SUPPLIED RECORDS
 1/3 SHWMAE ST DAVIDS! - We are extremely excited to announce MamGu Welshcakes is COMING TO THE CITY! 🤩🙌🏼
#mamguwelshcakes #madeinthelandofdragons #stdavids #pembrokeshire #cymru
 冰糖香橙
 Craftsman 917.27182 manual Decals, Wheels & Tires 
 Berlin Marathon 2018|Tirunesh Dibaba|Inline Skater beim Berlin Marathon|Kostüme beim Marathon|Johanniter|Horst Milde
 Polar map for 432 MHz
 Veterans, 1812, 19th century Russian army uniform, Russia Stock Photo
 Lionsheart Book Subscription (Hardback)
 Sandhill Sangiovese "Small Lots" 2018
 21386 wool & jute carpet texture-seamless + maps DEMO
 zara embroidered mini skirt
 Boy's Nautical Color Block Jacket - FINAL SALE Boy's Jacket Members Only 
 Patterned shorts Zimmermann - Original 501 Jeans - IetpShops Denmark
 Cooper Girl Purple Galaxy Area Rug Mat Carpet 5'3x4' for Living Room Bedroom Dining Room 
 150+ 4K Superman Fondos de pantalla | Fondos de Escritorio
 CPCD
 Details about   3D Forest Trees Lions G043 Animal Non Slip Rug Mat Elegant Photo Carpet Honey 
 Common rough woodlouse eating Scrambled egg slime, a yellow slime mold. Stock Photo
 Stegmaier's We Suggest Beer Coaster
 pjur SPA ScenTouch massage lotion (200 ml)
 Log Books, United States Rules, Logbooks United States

TASK TO CARRY OUT
Using the entries above, find all lines with "Stock". Copy them.

EXERCISE ANSWER
 Veterans, 1812, 19th century Russian army uniform, Russia Stock Photo
 Common rough woodlouse eating Scrambled egg slime, a yellow slime mold. Stock Photo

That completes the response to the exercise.